Leaving the hearing room, Sen. Carl Levin of Michigan, the committee's ranking Democrat, and Sen. Robert C. Byrd of West Virginia got into an elevator.
Certainly the two senior Democrats would have something to say about the just-concluded testimony and the inability of U.S. forces to pinpoint the whereabouts of ousted Iraqi dictator Saddam Hussein. Sure enough, Levin turned to Byrd.
"You've got to see 'Spellbound,'" he said.
Byrd said nothing.
"It's a takeoff on the (national) spelling bee," Levin continued. "It's one of the funniest films I've seen in a long time. You've got to see it."
Byrd remained stoic, unmoved by what he was hearing.
"Sen. Byrd doesn't watch films," Levin turned to tell another passenger. "But I'm telling him he's got to see this one."
Total silence in the elevator.
Finally, the West Virginian's curiosity got the best of him.
"What's it called again?" he asked.
"'Spellbound,'" Levin was delighted to repeat.
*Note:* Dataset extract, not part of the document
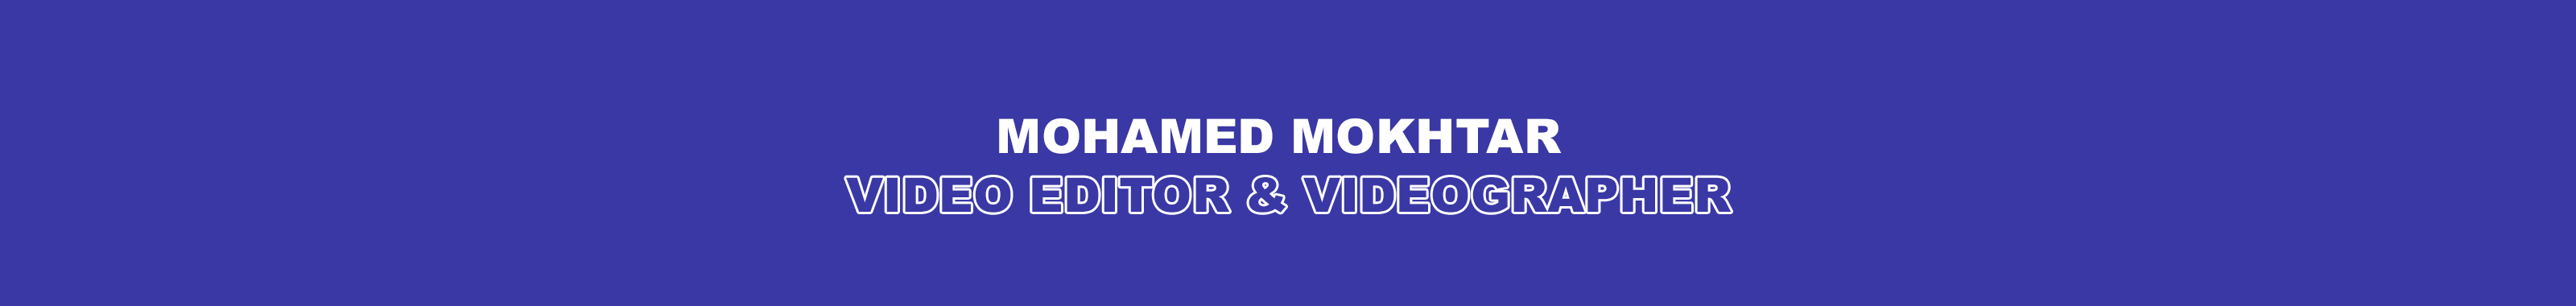 Banner de perfil de Mohamed Mokhtar
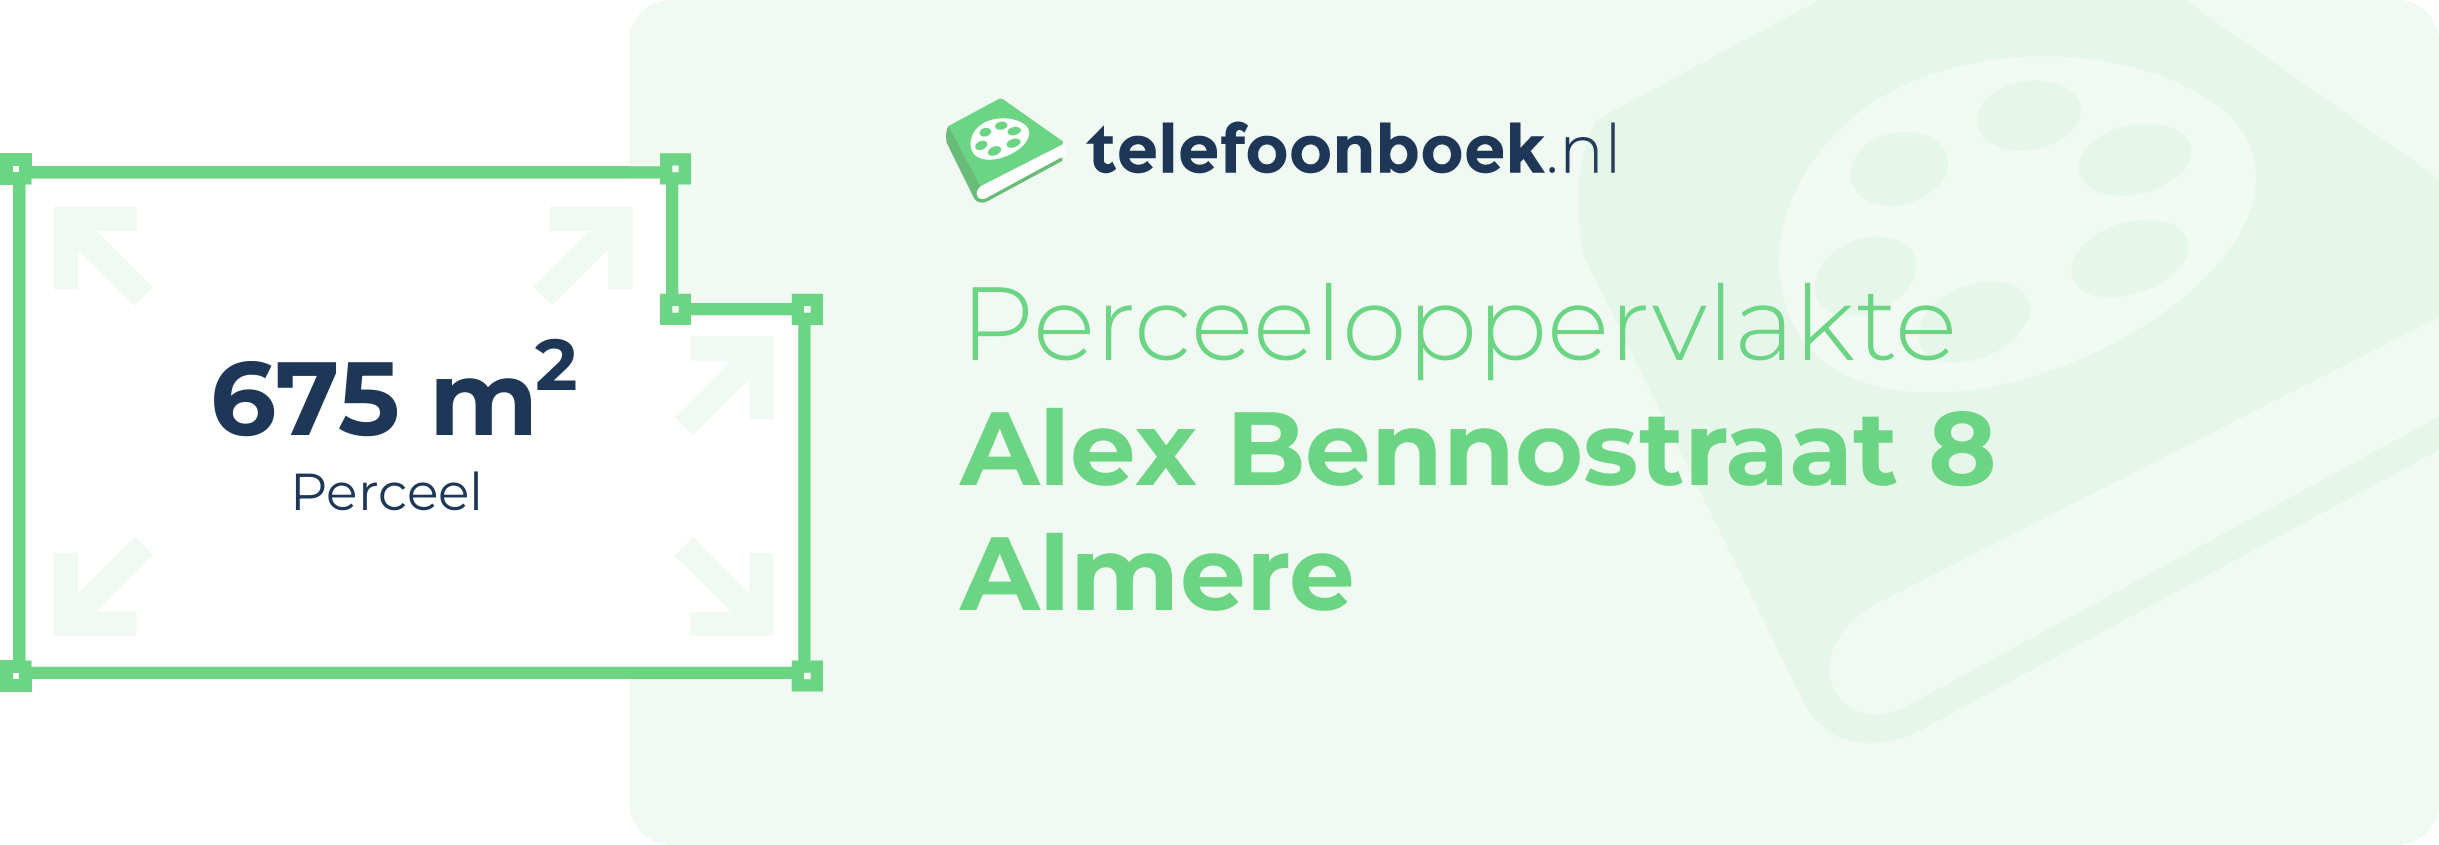 Perceeloppervlakte Alex Bennostraat 8 Almere

For those who haven't seen the documentary, it showcases eight kids who are vying for the American Spelling Bee championship.
Demonstrations Saturday (July 5) to protest President Bush's foreign policy ahead of his visit to South Africa "were a flop," the Sunday Times of Johannesburg wrote beneath the headline, "Dismal Turnout for Anti-Bush Protests in South Africa - 9 placard-waving protestors."
"Only nine placard-waving protesters picketed outside the U.S. Embassy in Pretoria," the South African newspaper reported, "while double that number turned up for the demonstration outside the U.S. Consulate in Johannesburg."
Meanwhile, covering the same protests but counting a far different number of participants, the New York Times wrote that organizers "promised demonstrations against what they describe as America's 'imperial agenda,' though a dry run on Saturday drew only a few hundred people."